In its relatively short history of being discovered, Pluto remains one of the most popular celestial bodies around. Part of that stems from the debate surrounding whether or not to classify Pluto as a 'real planet' in the first place.

The small body was originally discovered in February 1920 at the Lowell Observatory in Flagstaff, Arizona by astronomer Clyde Tombaugh. Tombaugh had assistance in the discovery from William Pickering. 


Originally called Planet X, Pluto was a massive discovery both as a new planet and for the Lowell Observatory's latest camera and photography systems.
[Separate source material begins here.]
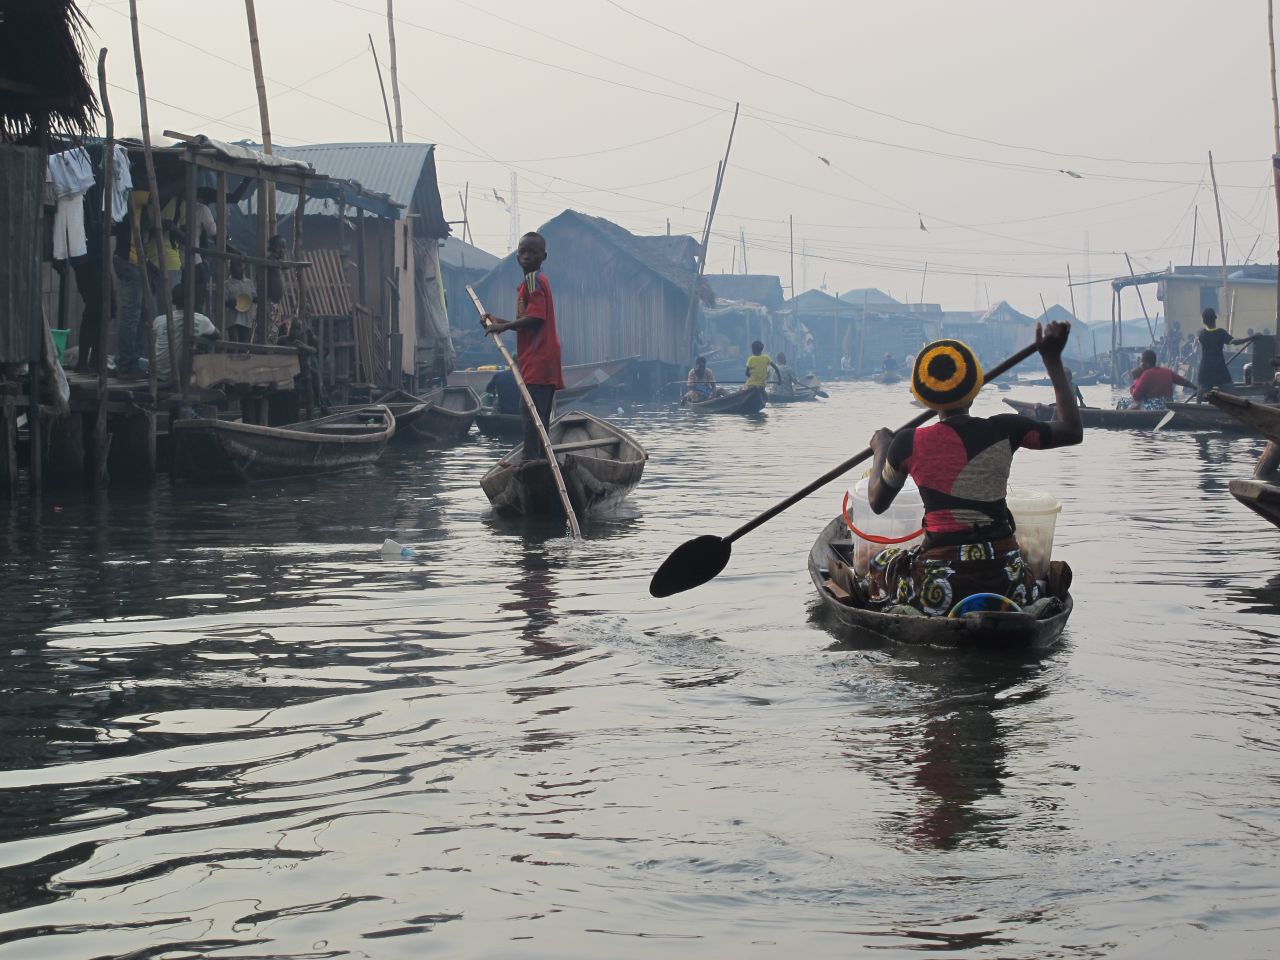 Nicknamed by some as the "Venice of Africa," the floating village of Makoko in Lagos, Nigeria, is inhabited by people who not only live on water, but also also depend on it for their livelihood.

In 2006, the International Astronomical Union downgraded Pluto's status to that of a 'dwarf planet' seemingly out of the blue. This left the remaining planets divided into two groups: terrestrial planets (Mercury, Venus, Earth and Mars); gas giants (Jupiter, Saturn, and Uranus).

The mysterious definition of 'planet'

Metzger has one suggestion to the IAU: change their definition. Metzger recommended changing the definition to include the planets intrinsic properties rather than the status of a planet's orbit.

“Dynamics are not constant, they are constantly changing,” Metzger says. “So, they are not the fundamental description of a body, they are just the occupation of a body at a current era.”

Metzger explained that if it's large enough to get a spherical shape due to gravity, it deserves consideration as a full-sized planet. 

“And that’s not just an arbitrary definition,” Metzger says. “It turns out this is an important milestone in the evolution of a planetary body, because apparently when it happens, it initiates active geology in the body.”